Behind the Meaning of “Escape (The Piña Colada Song)” by Rupert Holmes

Videos by American Songwriter

Videos by American Songwriter

If you like piña coladas and gettin’ caught in the rain, this article is probably for you.

Singer/songwriter Rupert Holmes released the beachy song “Escape (The Piña Colada Song)” in 1979, and it’s stuck around ever since. The song’s familiar breezy and trouble-free sound immediately puts us in a vacation headspace, and we tip our hats to Holmes for that. But how did we get there? Below we’ll explore the meaning behind the “Escape” lyrics and how Holmes felt about his most successful single.

The meaning behind the lyrics

The lyrics of “Escape (The Piña Colada Song)” tells the story of two lovers. The opening verse introduces a male narrator who is, quite frankly, bored with his current relationship.

I was tired of my lady
We’d been together too long

Amid his restlessness, the narrator responds to a newspaper ad. The author of the ad is very specific about what they are looking for, and they’re looking for a new lover. We find out in the chorus that the ad author, presumed and later proven to be a “lady,” is looking for someone spontaneous with an affinity for a particular tropical drink.

If you like piña coladas
And gettin’ caught in the rain
If you’re not into yoga
If you have half a brain
If you like makin’ love at midnight
In the dunes on the cape
Then I’m the love that you’ve looked for
Write to me and escape

Once the man has responded to the ad, he goes to meet up with the anonymous lady at a bar called O’Malley’s. There he discovers that the mysterious lady was, in fact, his partner whom he was bored with at the beginning of the song. Thus, the meaning behind these lyrics becomes quite redemptive. The two characters in “Escape (The Piña Colada Song)” learn that they actually have more in common than they thought. Then they seemingly begin to learn to love each other all over again.

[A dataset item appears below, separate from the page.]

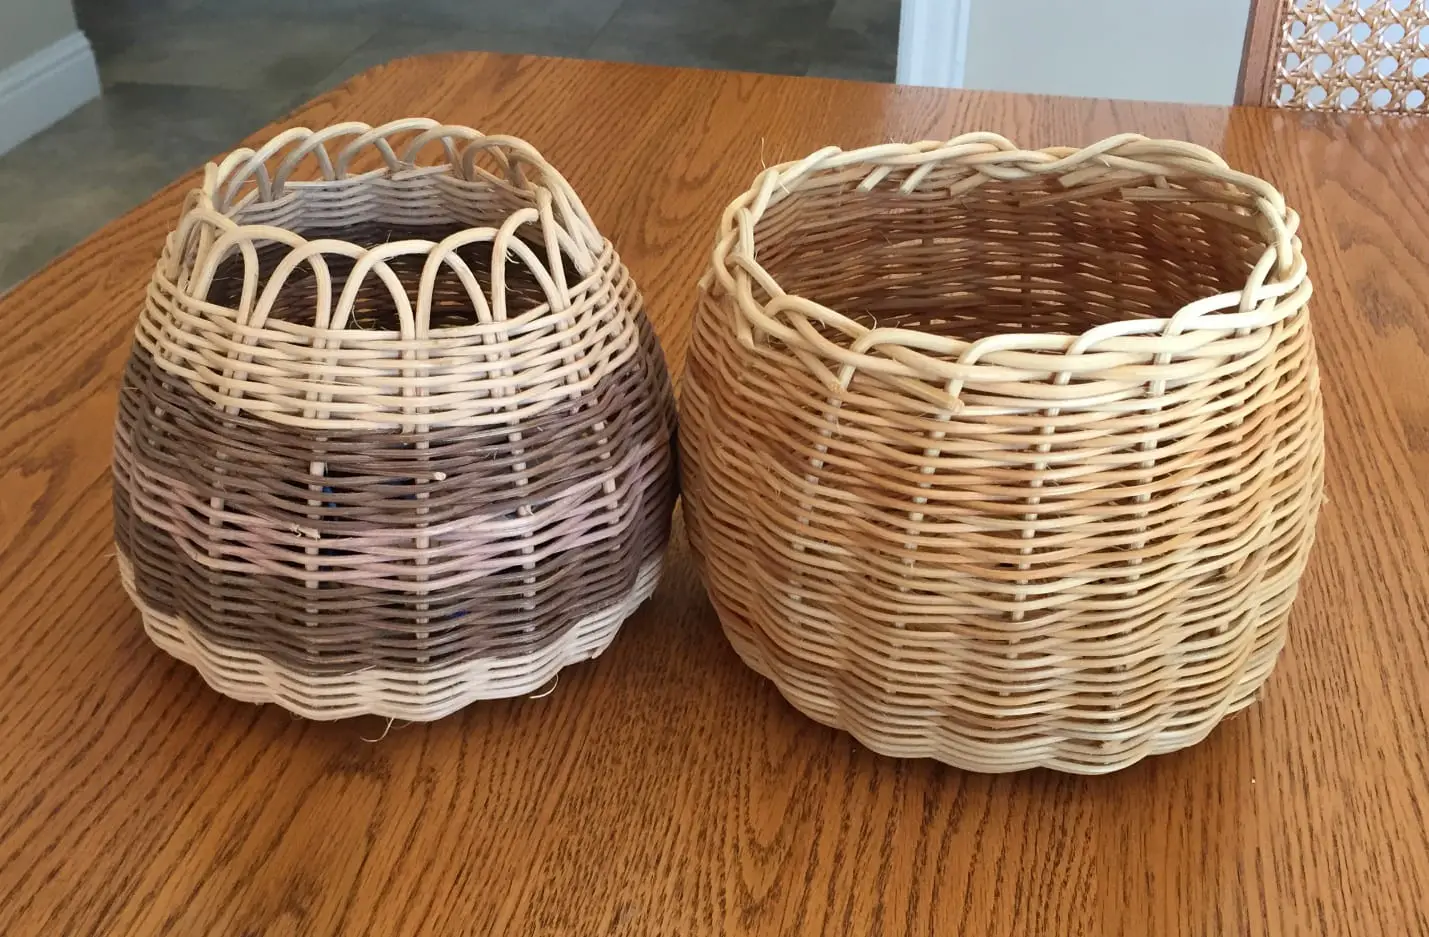 How To Make Reed Baskets

Rupert Holmes’s resentment for The Piña Colada Song

“Escape (The Piña Colada Song)” was Holmes’s most commercially successful song. It topped the charts in the United States and was the final song of the 1970s to do so. The song’s legacy also lingers along with Holmes’s as popular culture still broadcasts the track in films, TV series, and almost every local bar.

But Holmes has grown to resent the carefree song to some degree. He feels that the song has overshadowed the rest of his career, his other accomplishments in particular. The songwriter has also won awards for writing musicals (The Mystery of Edwin Drood) and a TV series (Remember WENN).

“I have a feeling that if I saved an entire orphanage from a fire and carried the last child out on my shoulders, as I stood there charred and smoking, they’d say, ‘Aren’t you the guy who wrote the piña colada song?’ It’s tough when you have this one thing that pulls focus from all these other things that you’ve done, yet every songwriter lives to have a song that most everybody knows,” Holmes told Songfacts.

Touché, Holmes, but we still like belting out If you like piña coladas every time the song comes on.